19 February 2013

Zimbabwe Stock Exchange Eyes More Recapitalisation

ZIMBABWE Stock Exchange-listed companies need to gather significantly more finance this year despite raising a staggering US$126,4 million to recapitalise operations last year to replace obselete plant and machinery, the ZSE has said.

According to the ZSE's country report, presented to the Committee of Sadc Stock Exchanges meeting in Victoria Falls last week, the companies used a combination of private placements and rights offers to raise the funds for recapitalisation.

The report said of the US$126 408 175 recapitalisation funds raised last year US$7,7 million was mobilised in February, US$11,6 million in March, US$98,4 million in June and US$8,6 million in October.

Although the report does not give an estimate of how much could be raised this year, the ZSE's country report contends that more capital would be raised this year as firms retool to enhance their efficiencies and competitiveness.

"The increase (in required capital) is due to the challenging environment in which listed companies are operating. Demand for capital is expected to continue well into 2013 as companies retool and retire expensive debt," the ZSE report says.

Officially opening the Sadc meeting last week, Finance Minister Tendai Biti said Zimbabwe's manufacturing industry required about US$4 billion to rebuild its industrial base.

It is against this background that Minister Biti said Zimbabwe required huge inflows of foreign investment to raise capital to companies and infrastructure.

The companies unable to secure or inject fresh capital over the decade to 2008 due to macro-economic instability, characterised by rampant inflation, which peaked at 231 million percent in August 2008, according to official statistics.

The ZSE report says most listed companies were currently operating well below capacity and relied more than anything else on the use of mostly expensive short-term debt. Borrowing from banks has been prohibitive due to punitive lending rates of up to 30 percent per year. Affordable long-term capital remains elusive in Zimbabwe.

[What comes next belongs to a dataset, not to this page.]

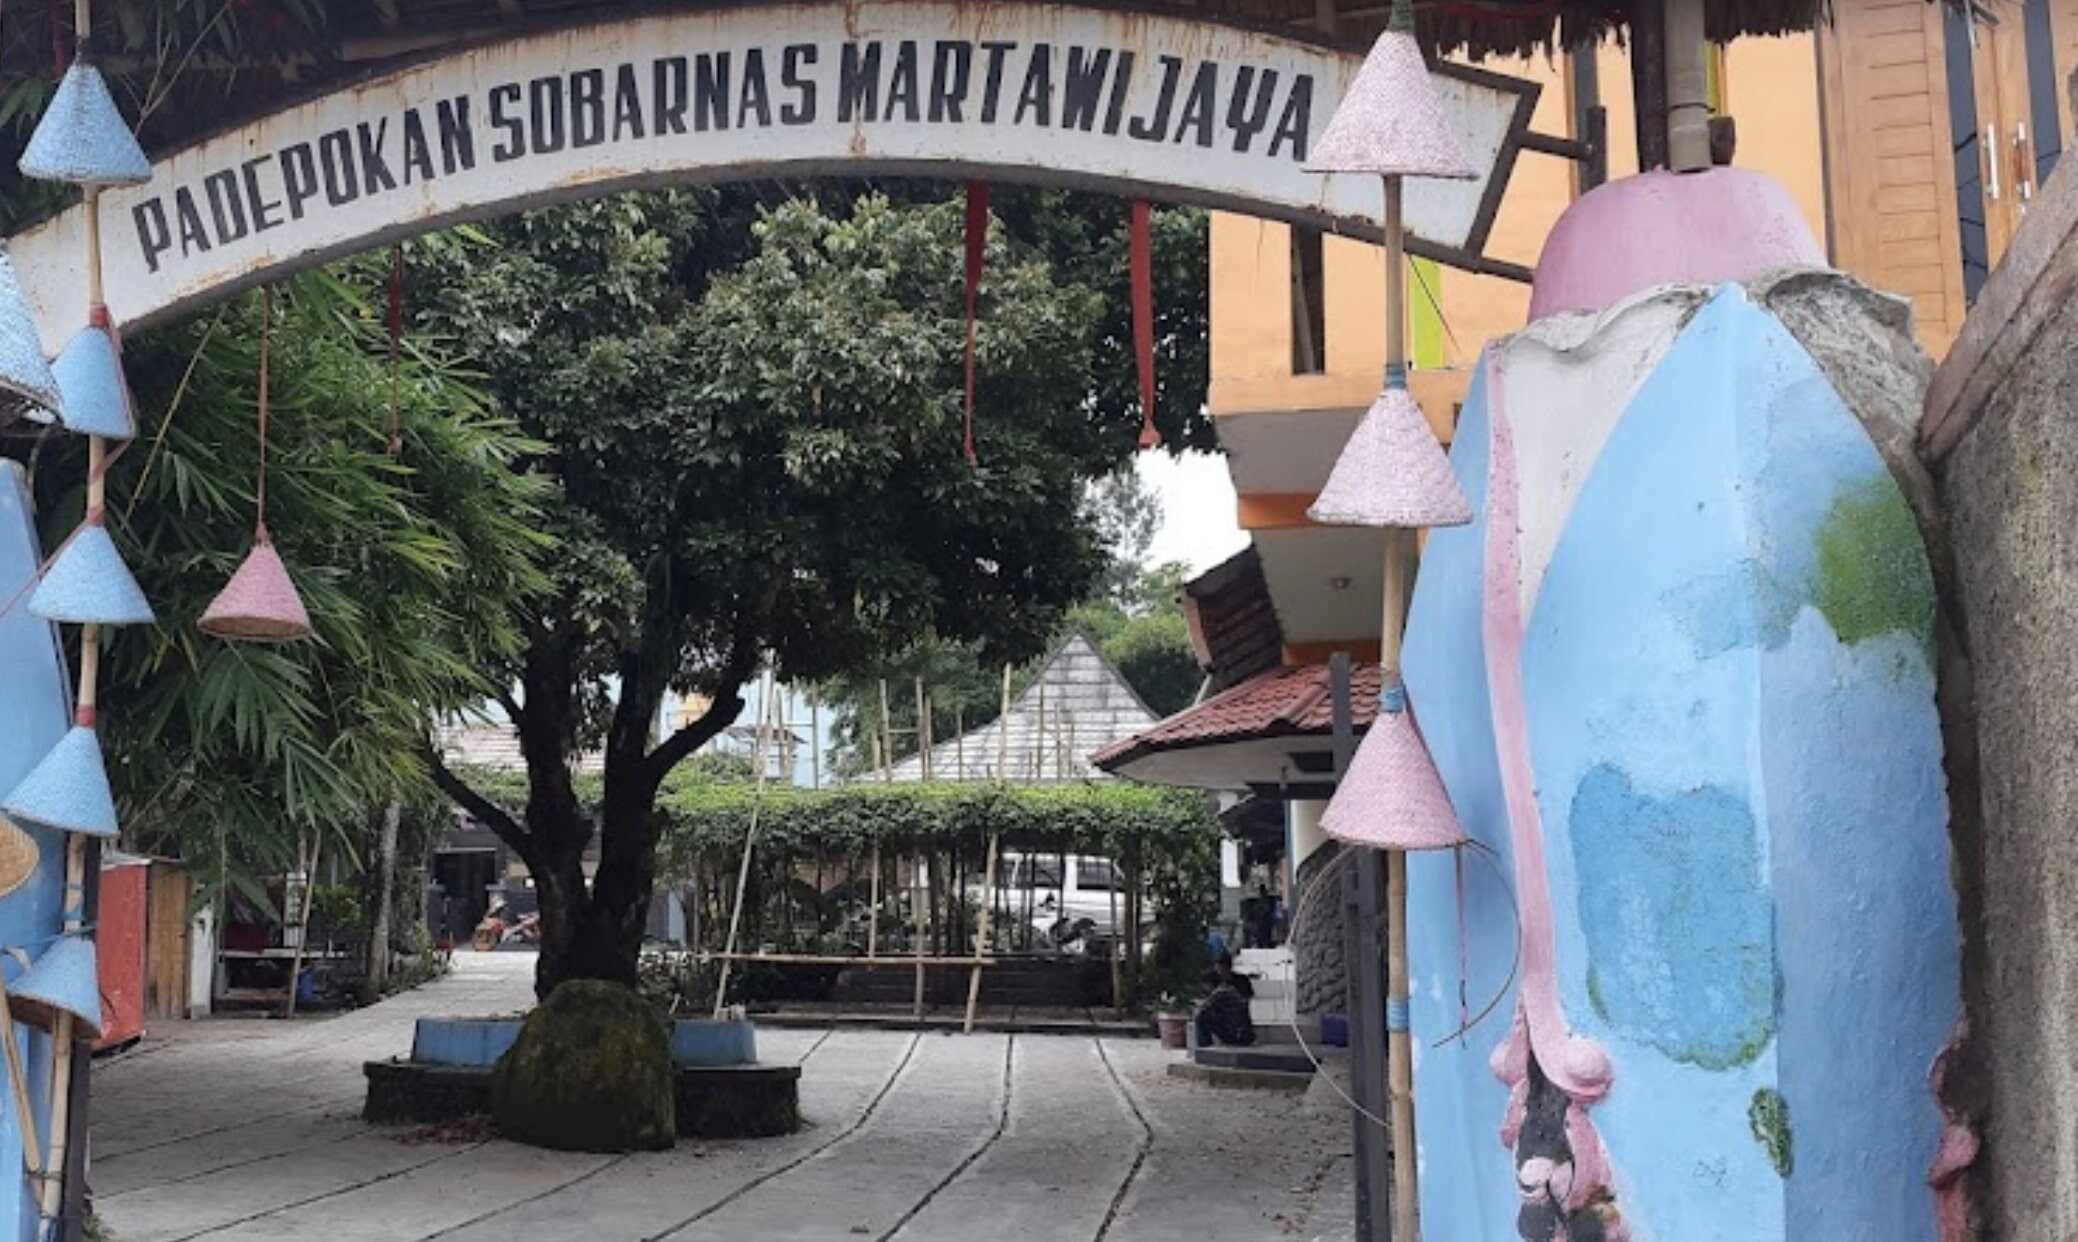 Padepokan Sobarnas Martawijaya, Padepokan Seni Kebanggan Warga Kota Intan

The report also says trading in the shares of companies listed on ZSE was affected by the liquidity crisis pervading the entire economy. Low levels of disposable income have also affected the contribution of retail stocks to trading on the bourse.

Manual trading on the ZSE is also impeding levels of trading activity.

But things could change soon, as plans are already underway to introduce automated trading. Its success will depend on the successful implementation of the paperless share settlement system.

The mandate to establish a CDS was given to local private firm Chengetedzai Depository Company in December 2010 by the Securities Commission of Zimbabwe.

Government will control a 51 percent stake in the firm, with ZSE holding 15 percent. Other private investors will hold the balance of the shareholding.

The ZSE report says the industrial index fell 1,34 percent during the year which saw market capitalisation falling from US$4 billion at the end of October to US$3,96 billion by December 31 2012, due to a decline in the prices of mining stocks.

The ZSE closed last year with 79 active counters. Nine companies are suspended. The year saw only one debt instrument listing and no new company listing.